> _YOUR INSTRUCTIONS_
You are asked to repeat the listing word for word and to leave out its pictures.

> _MATERIAL PROVIDED_
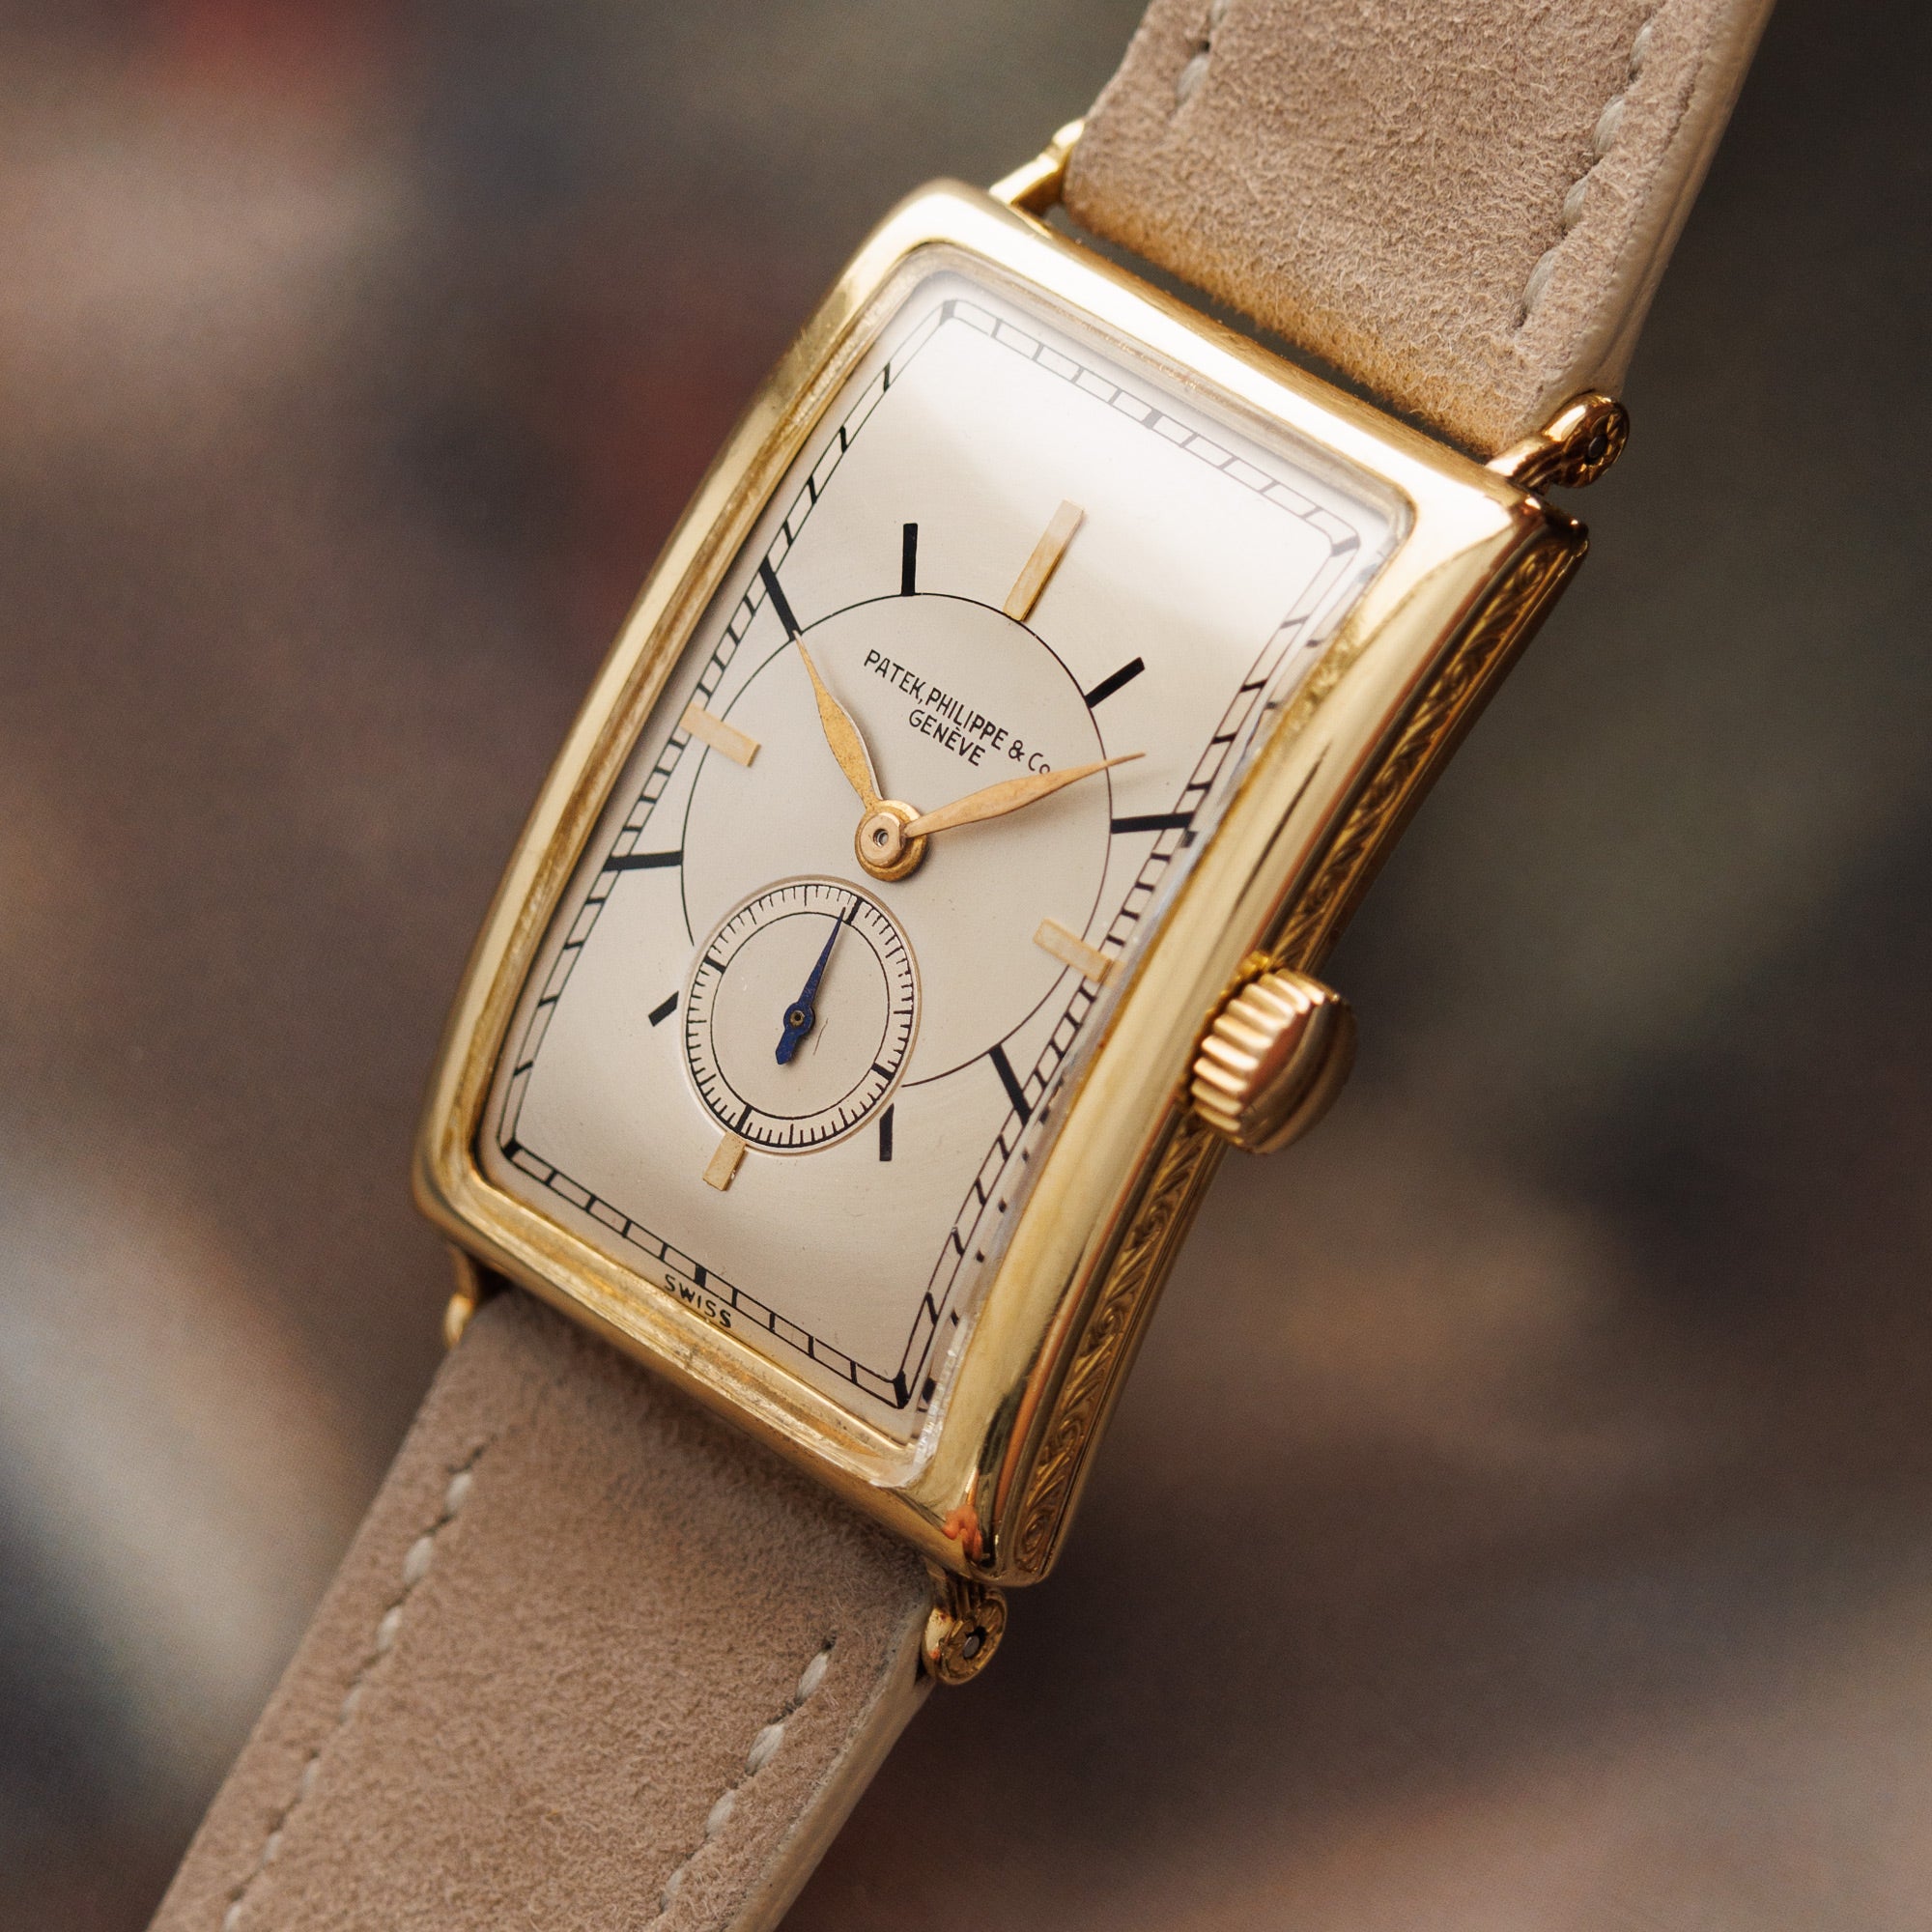 Patek Philippe - Patek Philippe Yellow Gold Rectangular Watch Ref. 10 with Remarkable Engraving Details - The Keystone Watches
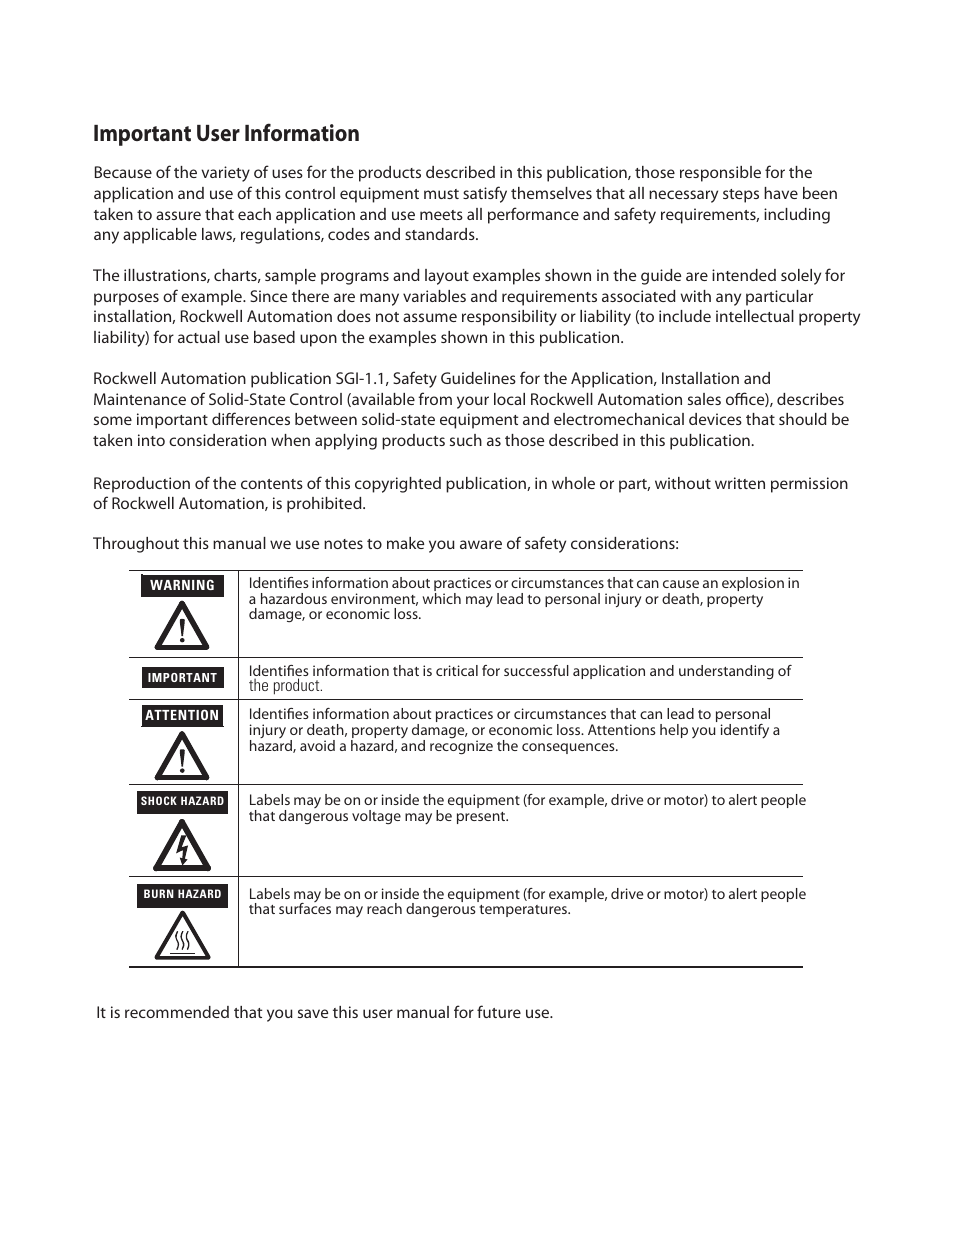 Important user information | Rockwell Automation 442L SafeZone Singlezone & Multizone Safety Laser Scanner User Manual | Page 2 / 60
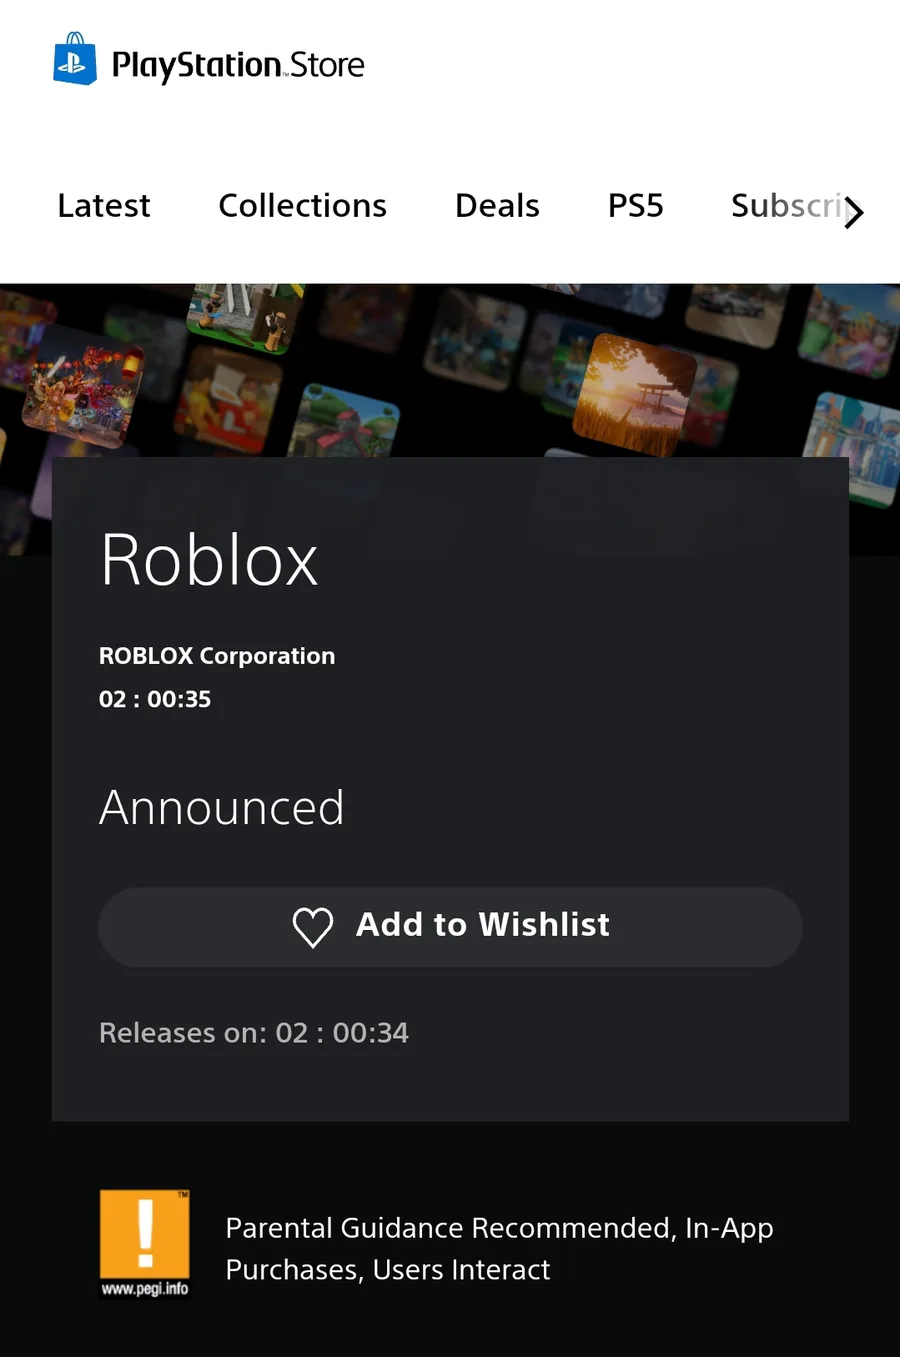 Roblox will be released on PlayStation 4 and 5 in October

> _OUTPUT FOR THIS EXERCISE_
 Patek Philippe - Patek Philippe Yellow Gold Rectangular Watch Ref. 10 with Remarkable Engraving Details - The Keystone Watches
 Important user information | Rockwell Automation 442L SafeZone Singlezone & Multizone Safety Laser Scanner User Manual | Page 2 / 60
 Roblox will be released on PlayStation 4 and 5 in October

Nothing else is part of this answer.